Some critics point out that the current global order, established after World War II with US leadership, has been violated or ignored by the US in certain instances. Trump’s actions reflect a desire to tear down aspects of this system that he views as disadvantageous to the US, rather than upholding the ideals of a peaceful global order as envisioned by previous leaders.
Dan telah memberikan dukungan tanpa syarat kepada Israel meskipun pelanggaran yang terdokumentasi dengan jelas terhadap Palestina.
“Amerika Serikat telah melakukan banyak hal untuk mendukung institusi multilateral – PBB dan lainnya – yang didasarkan pada ide-ide ini,” kata Matthew Duss, wakil presiden eksekutif di Center for International Policy.
“Tapi Amerika Serikat selalu menemukan cara untuk melanggar norma dan hukum ini ketika itu melayani tujuan kita,” tambahnya, menunjuk pada dukungan Presiden AS sebelumnya Joe Biden untuk perang Israel di Gaza dan kebijakan Presiden George W Bush setelah serangan 9/11, yang termasuk ekstradisi luar biasa, penyiksaan, invasi, dan pendudukan berkepanjangan.
Tapi untuk Trump dan administrasinya, ada indikasi bahwa tatanan global bukan hanya sekadar dilewati; itu perlu pergi.
“Tatanan global pasca-perang tidak hanya usang, itu sekarang menjadi senjata yang digunakan melawan kita,” kata Menteri Luar Negeri Trump Marco Rubio kepada senator selama dengar pendapatnya pada bulan Januari.
Presiden AS Donald Trump di Kantor Oval Gedung Putih, 23 April [File: Alex Brandon/AP Photo]
Politik Keluhan
Trump baru-baru ini mengatakan kepada Majalah Time bahwa AS telah “ditipu” oleh “hampir setiap negara di dunia”.
Rhetorikanya tentang kebijakan luar negeri tampaknya mencerminkan pernyataannya tentang berjanji untuk menjaga “pria dan wanita terlupakan Amerika” yang telah diperlakukan tidak adil oleh “elit” secara dalam negeri.
Sementara tatanan dunia modern telah memberdayakan perusahaan-perusahaan AS dan meninggalkan negara itu dengan kekayaan dan kekuatan militer dan diplomatik yang besar, Amerika memiliki masalah besar untuk dikeluhkan.
Globalisasi melihat pekerjaan AS di-outsourcing ke negara-negara dengan tenaga kerja lebih murah. Kebijakan intervensi masa lalu – terutama perang di Irak dan Afghanistan – sebagian besar dianggap sebagai kesalahan strategis yang menghasilkan generasi veteran dengan cedera fisik dan mental.

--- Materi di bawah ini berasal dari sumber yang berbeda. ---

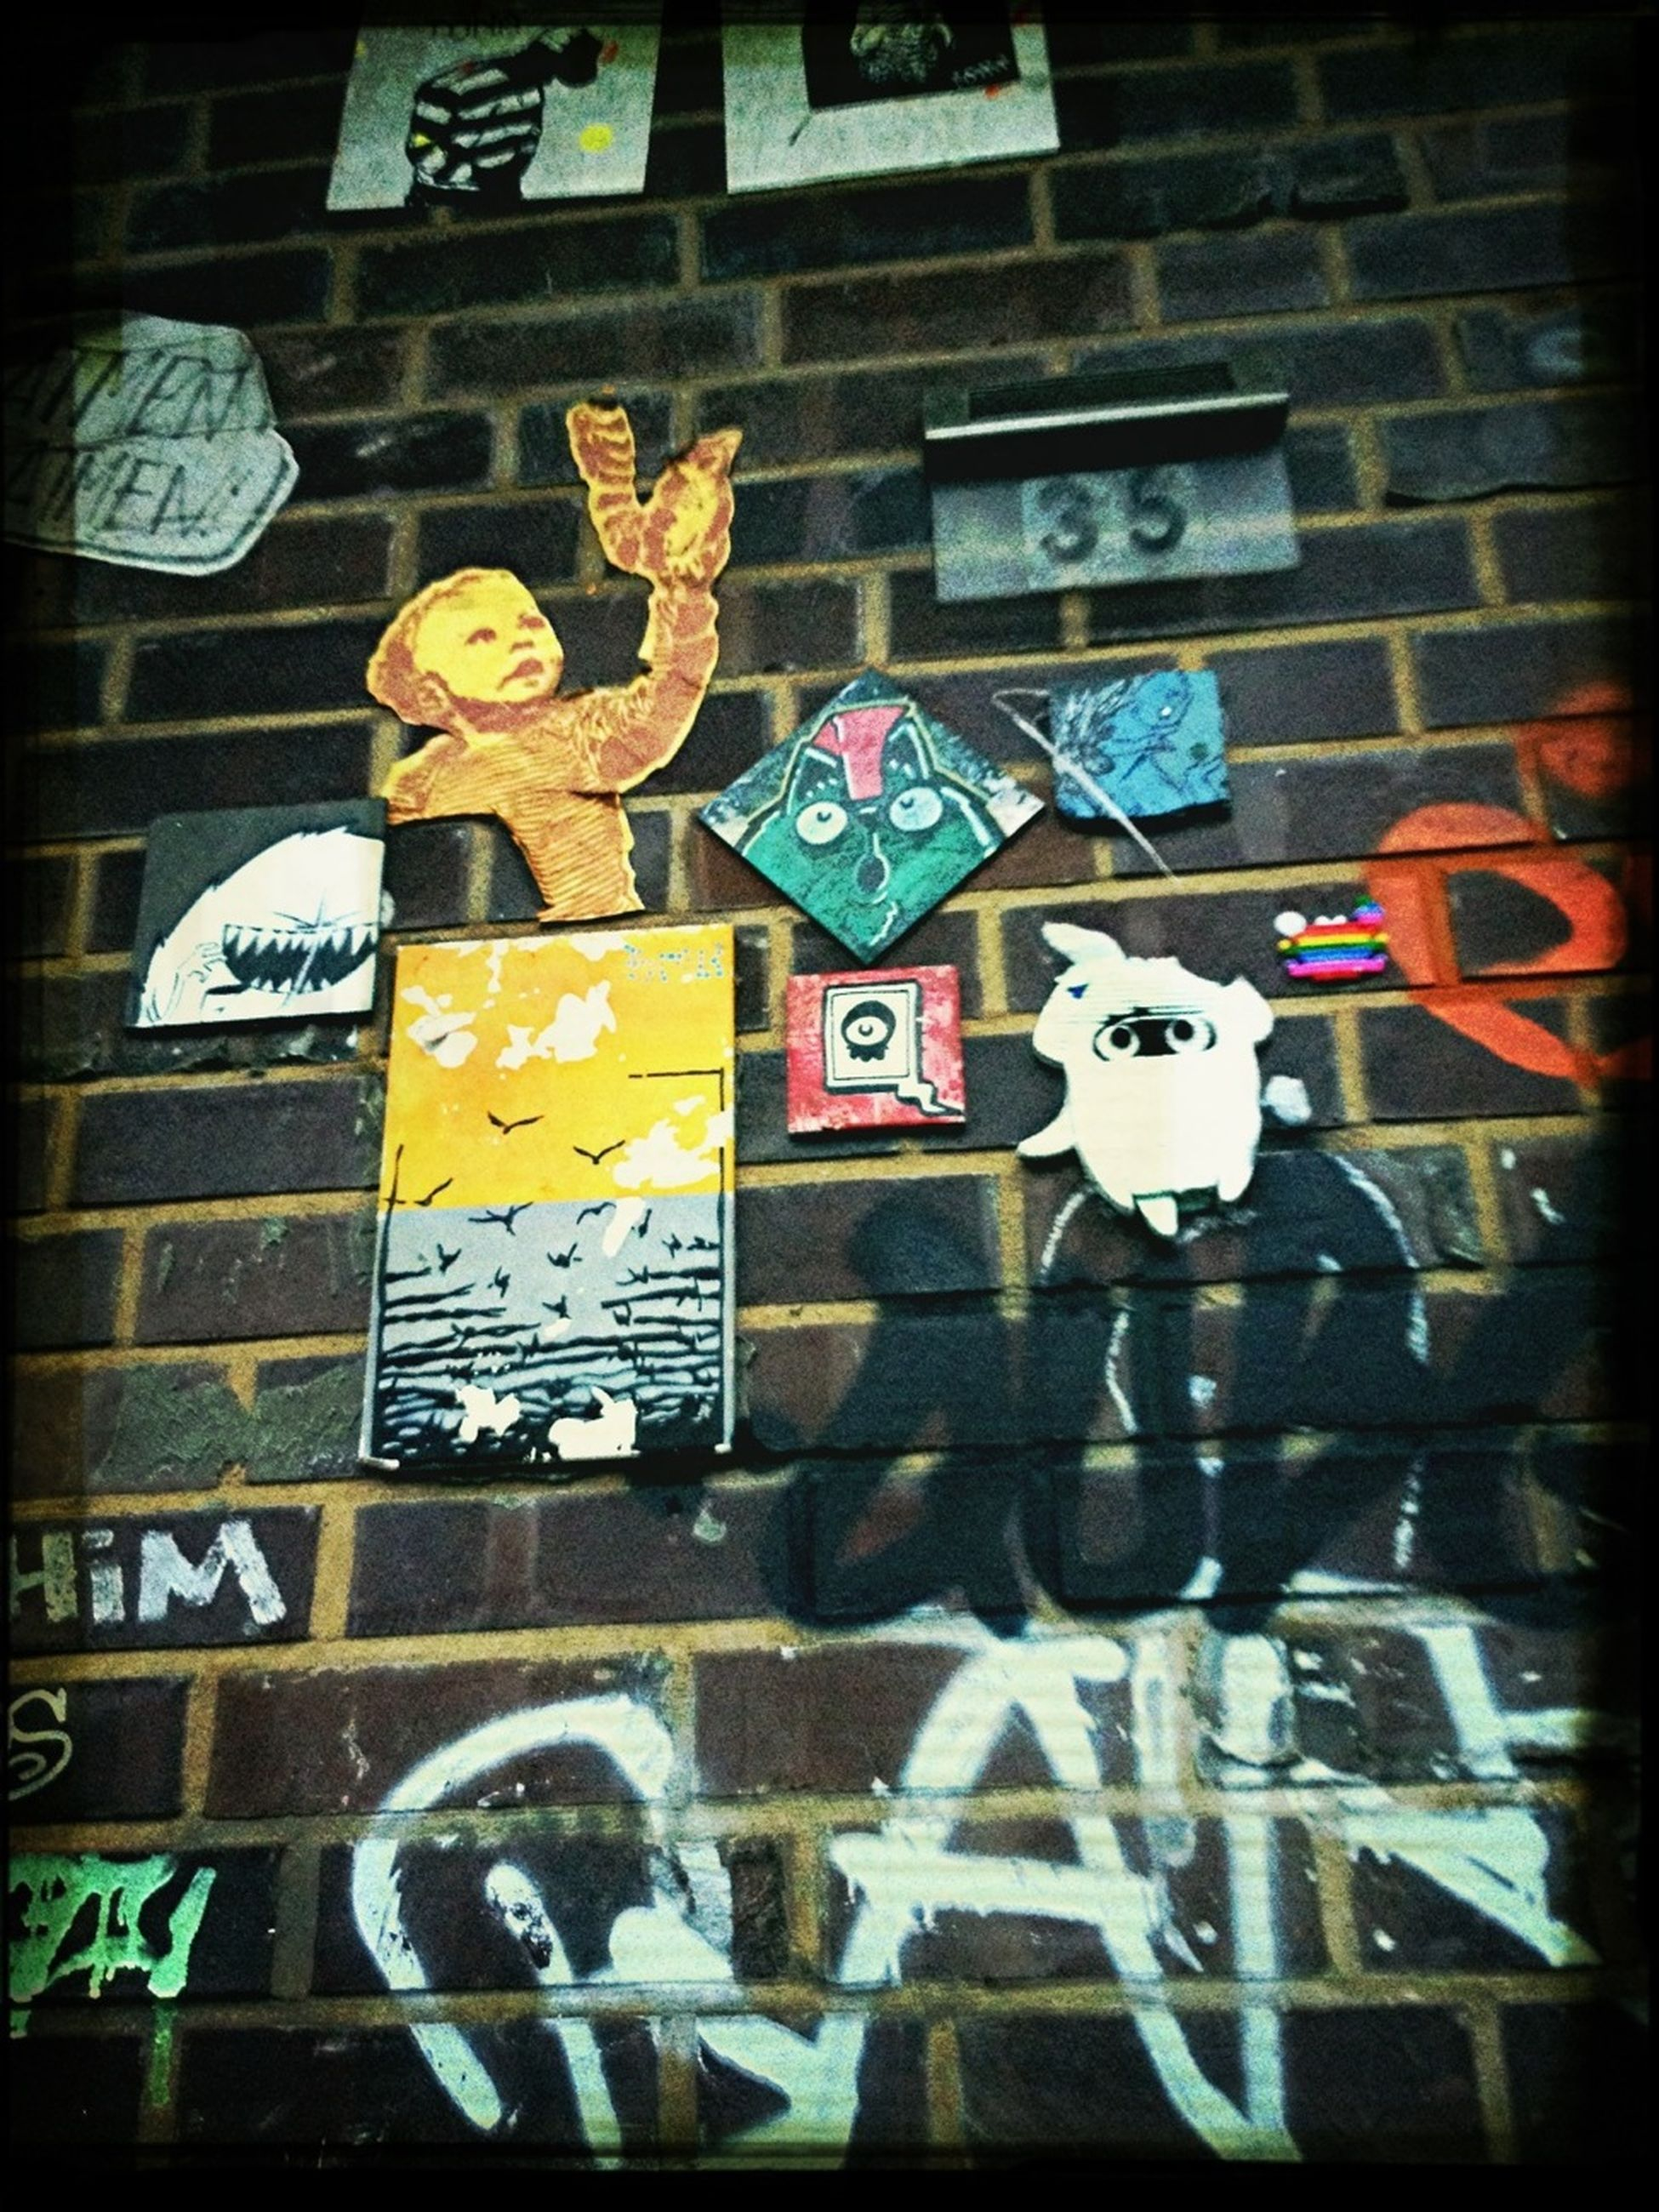 graffiti, text, western script, art, art and craft, communication, creativity, built structure, human representation, architecture, wall - building feature, transfer print, building exterior, street art, auto post production filter, non-western script, vandalism, capital letter, sign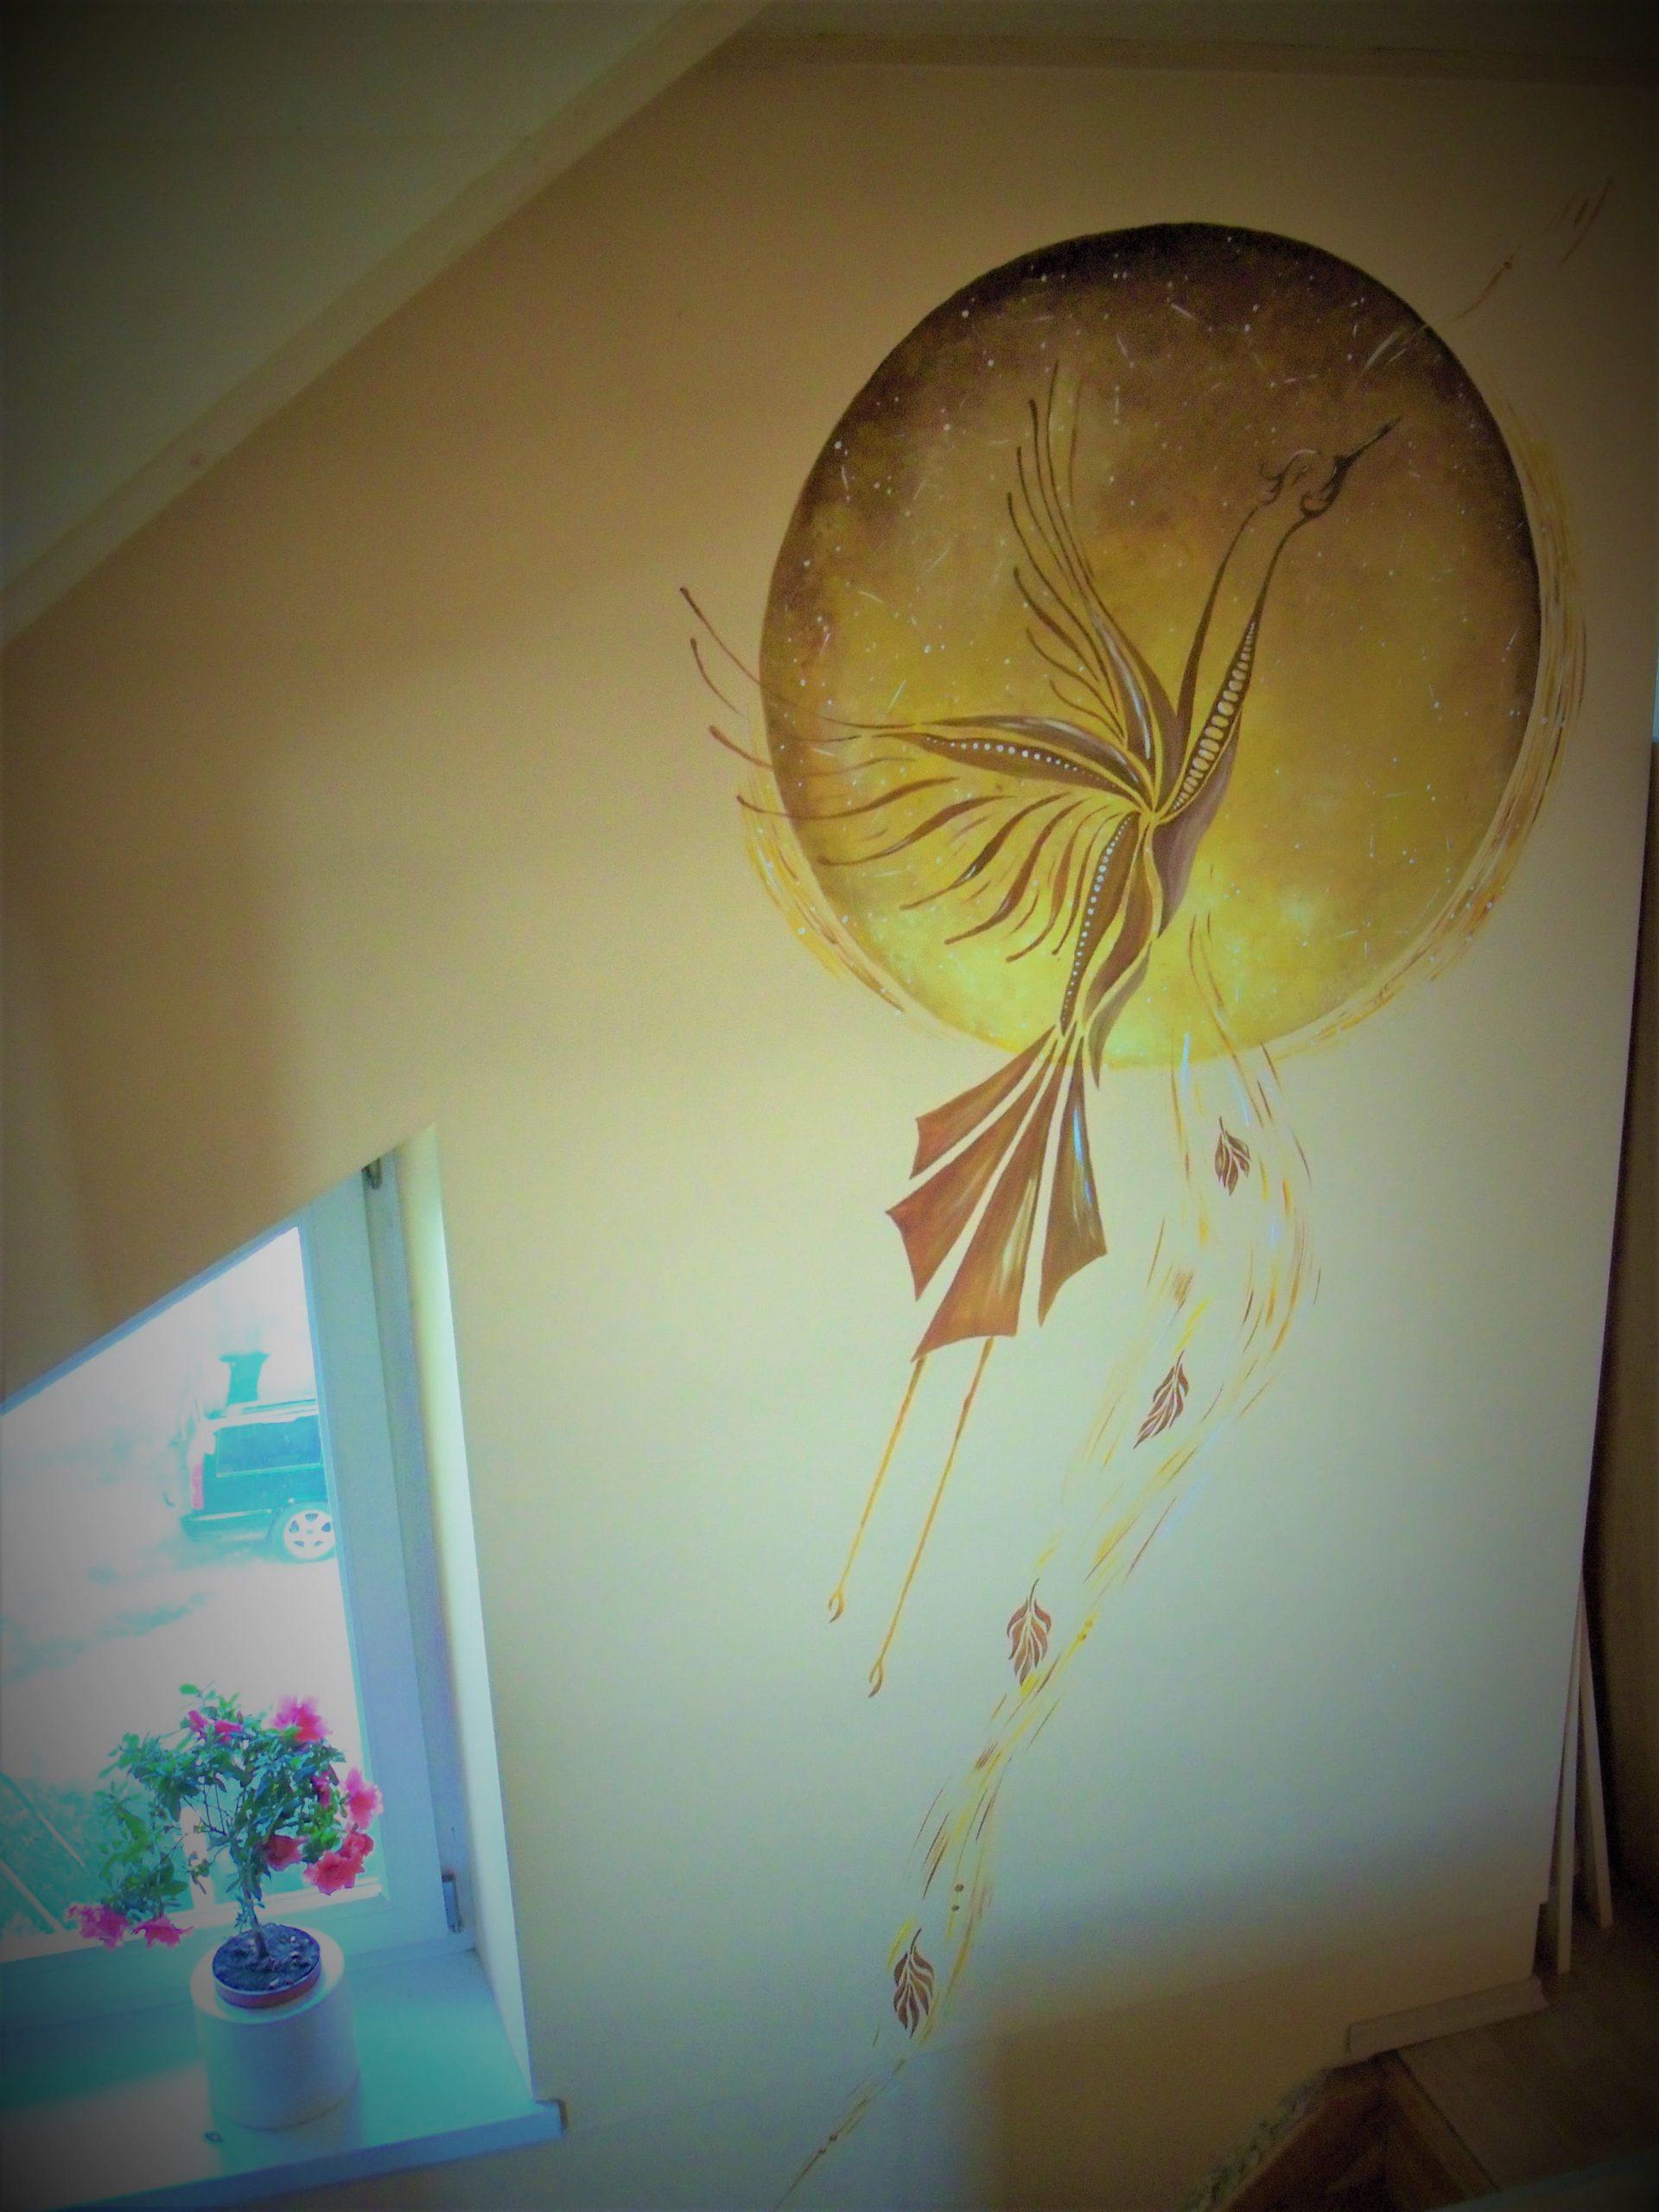 menine-kuryba-sienu-dekoravimas-ivairus-interjerai (47)

Geoffrey Kabaservice, wakil presiden studi politik di Niskanen Center, pusat pemikiran sayap kanan di Washington, DC, mencatat bahwa gaji telah stagnan bagi banyak orang Amerika selama beberapa dekade.
“Faktanya adalah manfaat globalisasi sangat maldistribusi, dan beberapa orang di puncak membuat jumlah uang plutokratik yang sangat besar, dan sangat sedikit dari itu mengalir ke massa kelas pekerja,” kata Kabaservice kepada Al Jazeera.
Bagi orang-orang yang melihat pabrik mereka tutup dan merasa seperti mereka tinggal di “daerah yang tertinggal”, memilih Trump adalah “pembalasan” terhadap sistem, kata Kabaservice, menambahkan bahwa pendekatan “Amerika Pertama” Trump telah menjadikan AS melawan seluruh dunia.
“Amerika sedang membelakangi dunia,” kata Kabaservice. “Trump percaya bahwa Amerika bisa mandiri dalam segala hal, tetapi sudah jelas ketidakbenaran doktrin ini terbukti benar.”
Jangan mengulang teks yang dikirim. Hanya berikan teks bahasa Indonesia seperti yang diucapkan oleh penutur bahasa Indonesia tingkat B2.